The Crusader is part of Britain’s kit and component-car story, but it sat at the serious end of it. This was not a cheap body to drop over a scrap Ford. It was a properly engineered car, sold in kit form mainly to dodge purchase tax, with a structure cleverer than anything most full manufacturers were building at the price.

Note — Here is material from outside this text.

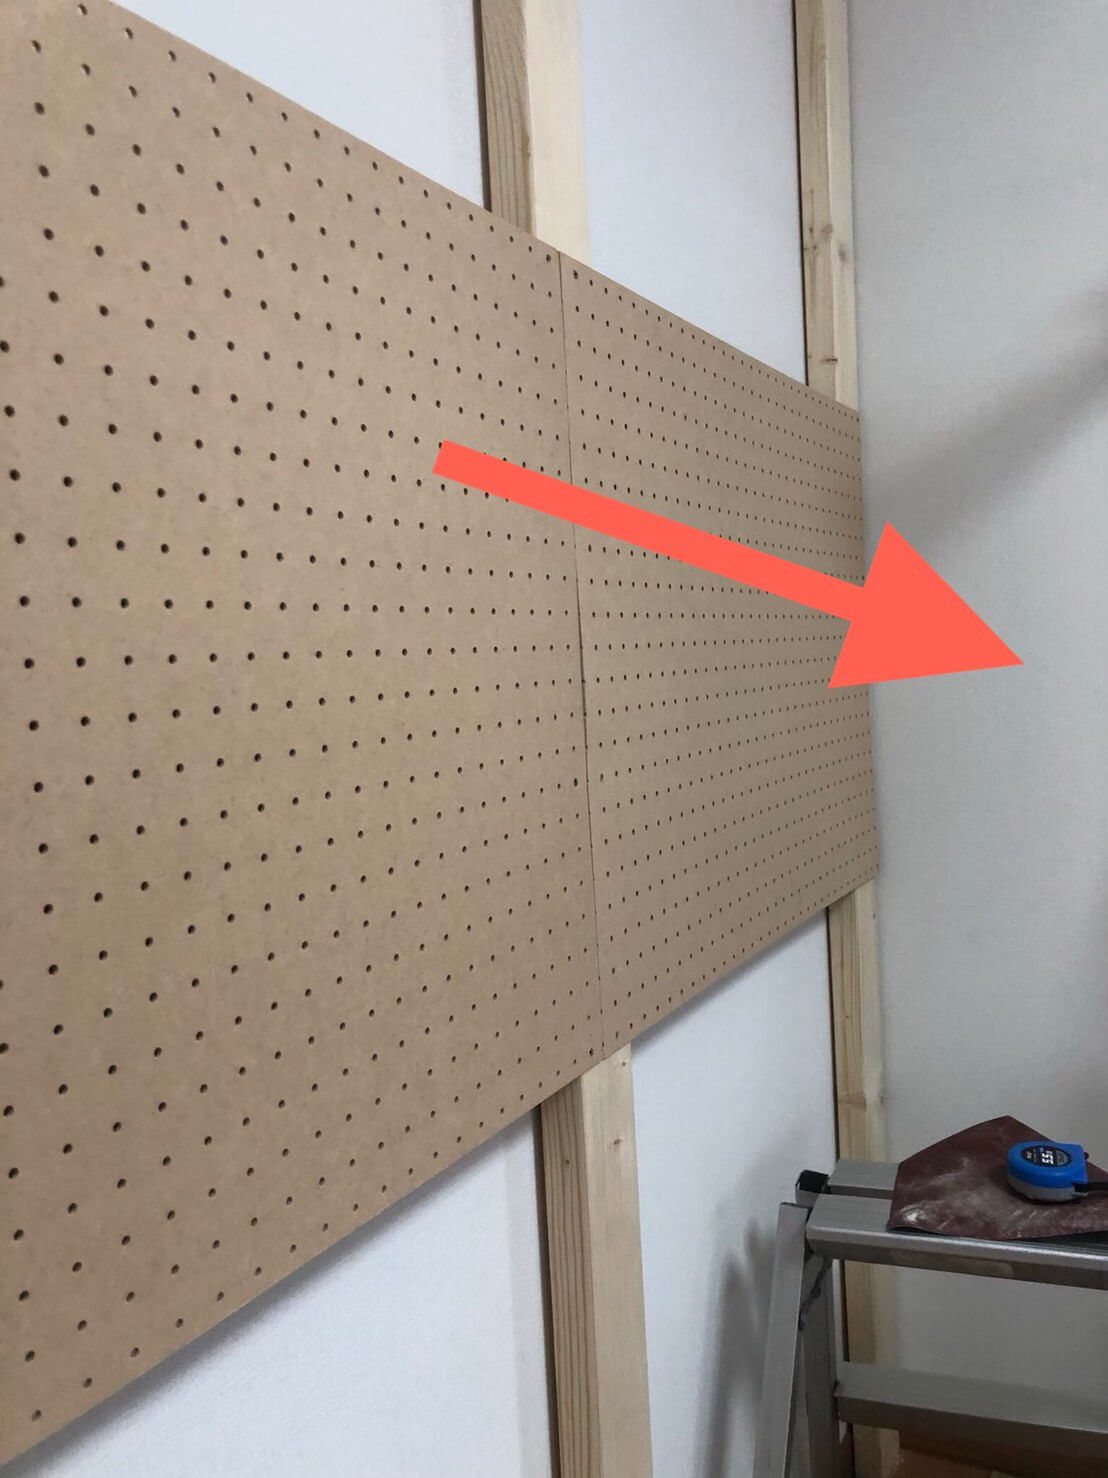 2×4木材を使って作る壁面収納(タモ網置場)

A white Clan Crusader coupe, registration VFE 21, front three-quarter view on grass at a classic car show
A Clan Crusader in white. The whole car is a single glass-fibre monocoque with the Hillman Imp's 875cc engine in the tail, and it weighs only around 600 kg.Photo by SG2012 / CC BY 2.0

The Lotus engineers who built it

The Clan Motor Company grew out of Lotus. The men behind the Crusader, Paul Haussauer and Brian Luff on the engineering, with body styling by John Frayling, had all worked at Lotus, and they brought Lotus thinking with them. Luff had worked on the Lotus 72 Formula 1 car; Frayling is credited in Lotus circles with major work on the Elite. The idea was to apply that lightweight, glass-fibre-monocoque thinking to a small, affordable, rear-engined sports car of their own.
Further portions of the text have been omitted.